With the two glasses on the table giving me some leverage, I changed the topic. “Look, I understand your position on the contract. I’m ready to sign,” I told him. “I only want one concession. I want Zico to be your exclusive coconut water. That would allow us to know you’re committed and help us justify putting most of our marketing and brand-building efforts in New York.”
“I figured you’d ask for that,” Lewis said. “We’ve talked about it. No problem. But you better be ready for a fight. Those Vita guys are aggressive and in this business, aggressive is good.”
Once out of their office building, I stopped Roberto in the parking lot. “How the hell did you know that that package of Vita Coco was a bad one?” I asked. He explained that a manager at a bodega on the Upper West Side had recently pulled some Vita off his shelves because a customer complained. “He showed it to me and I remembered the expiration date,” he said. “It was the same on the packages they had on the table, so I figured there was a good chance.”

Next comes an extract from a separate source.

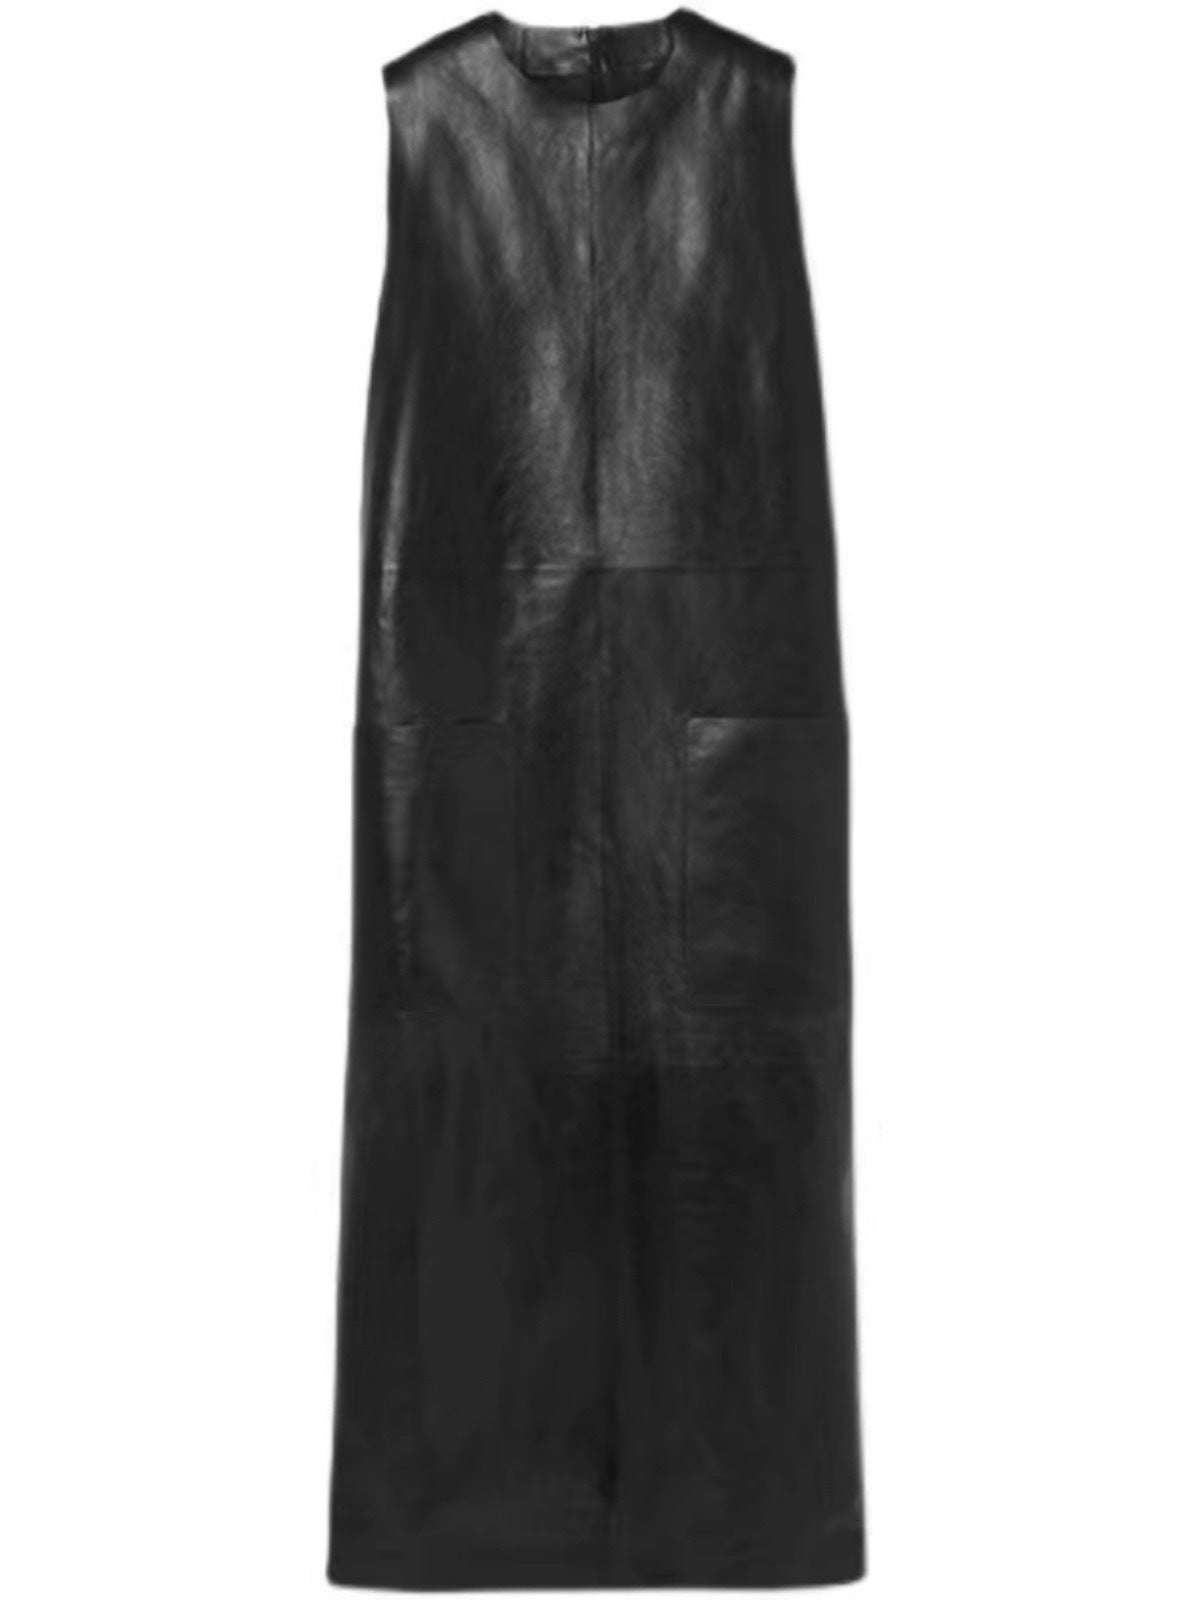 Black Vegan Leather Sleeveless Dress - Kelly Obi New York

“Bold,” I said. “Fucking bold.”
One bright spot that fall was Fairway Market. Fairway’s Upper West Side location was a New York institution since the 1950s. I’m sure the fact that Zico was in their stores and doing well was one of the reasons we’d caught the attention of Big Geyser. I made an at-least-twice-weekly pilgrimage to their Upper West Side store to personally check in and chat up the store manager Jose, who had given us a display at the head of an aisle (a coveted spot called an “endcap display” in the business). Walking into the store in early December, just as I was negotiating with Big Geyser, I was distressed to find that our endcap display had been replaced with mulled wine and kosher apple sauce. The beginning of Hanukkah had bumped Zico to the back of the store, and I knew that was going to kill our sales. Jose was apologetic but had more bad news. After the Hanukkah products the space would be reserved for sparkling cider for Christmas and then panettone for New Year’s. “You can probably get the display back in late January,” he told me, “definitely by March.” It was going to be a long, lean winter.